Re-assembling the past: The RePAIR dataset and benchmark for real world 2D and 3D puzzle solving
- URL: http://arxiv.org/abs/2410.24010v2
- Date: Tue, 05 Nov 2024 16:16:29 GMT
- Title: Re-assembling the past: The RePAIR dataset and benchmark for real world 2D and 3D puzzle solving
- Authors: Theodore Tsesmelis, Luca Palmieri, Marina Khoroshiltseva, Adeela Islam, Gur Elkin, Ofir Itzhak Shahar, Gianluca Scarpellini, Stefano Fiorini, Yaniv Ohayon, Nadav Alali, Sinem Aslan, Pietro Morerio, Sebastiano Vascon, Elena Gravina, Maria Cristina Napolitano, Giuseppe Scarpati, Gabriel Zuchtriegel, Alexandra SpĆ¼hler, Michel E. Fuchs, Stuart James, Ohad Ben-Shahar, Marcello Pelillo, Alessio Del Bue,
- Abstract summary: Our dataset has unique properties that are uncommon to current benchmarks for 2D and 3D puzzle solving.
The fragments and fractures are realistic, caused by a collapse of a fresco during a World War II bombing at the Pompeii archaeological park.
The dataset is multi-modal providing high resolution images with characteristic pictorial elements.

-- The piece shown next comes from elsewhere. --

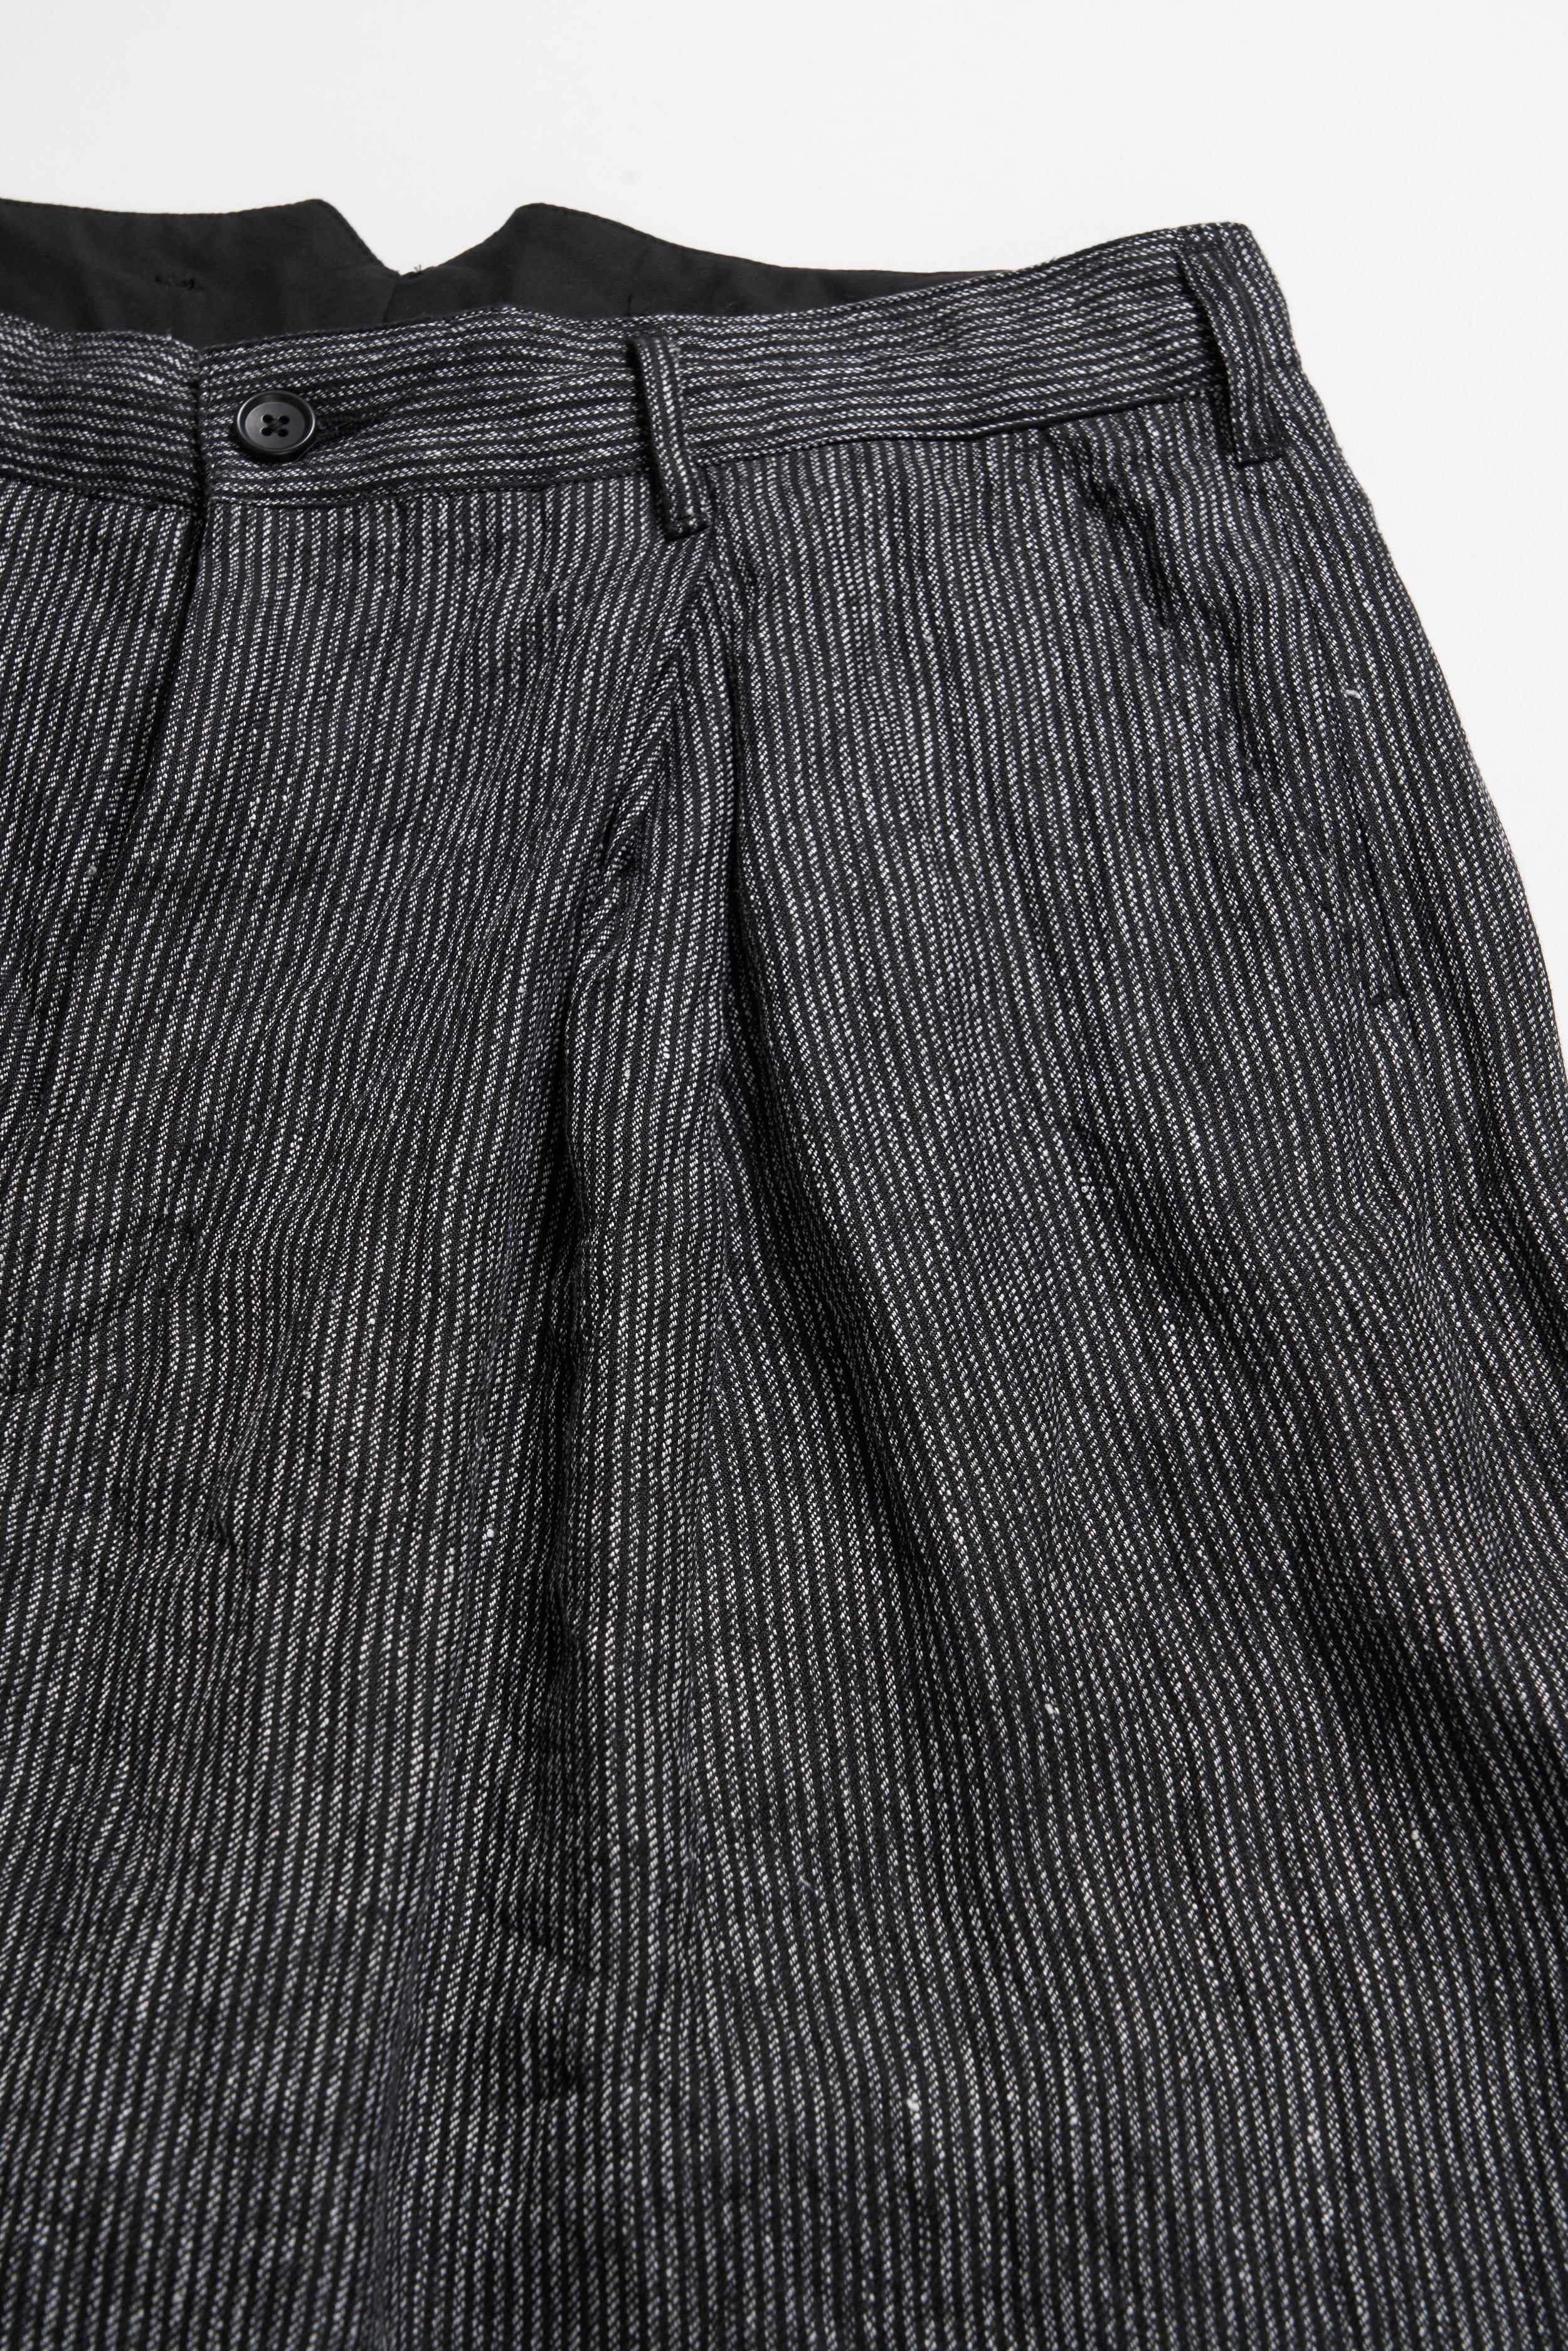 WP Pant - Black / Grey Linen Stripe

- Score: 46.073519734119266
- License:
- Abstract: This paper proposes the RePAIR dataset that represents a challenging benchmark to test modern computational and data driven methods for puzzle-solving and reassembly tasks. Our dataset has unique properties that are uncommon to current benchmarks for 2D and 3D puzzle solving. The fragments and fractures are realistic, caused by a collapse of a fresco during a World War II bombing at the Pompeii archaeological park. The fragments are also eroded and have missing pieces with irregular shapes and different dimensions, challenging further the reassembly algorithms. The dataset is multi-modal providing high resolution images with characteristic pictorial elements, detailed 3D scans of the fragments and meta-data annotated by the archaeologists. Ground truth has been generated through several years of unceasing fieldwork, including the excavation and cleaning of each fragment, followed by manual puzzle solving by archaeologists of a subset of approx. 1000 pieces among the 16000 available. After digitizing all the fragments in 3D, a benchmark was prepared to challenge current reassembly and puzzle-solving methods that often solve more simplistic synthetic scenarios. The tested baselines show that there clearly exists a gap to fill in solving this computationally complex problem.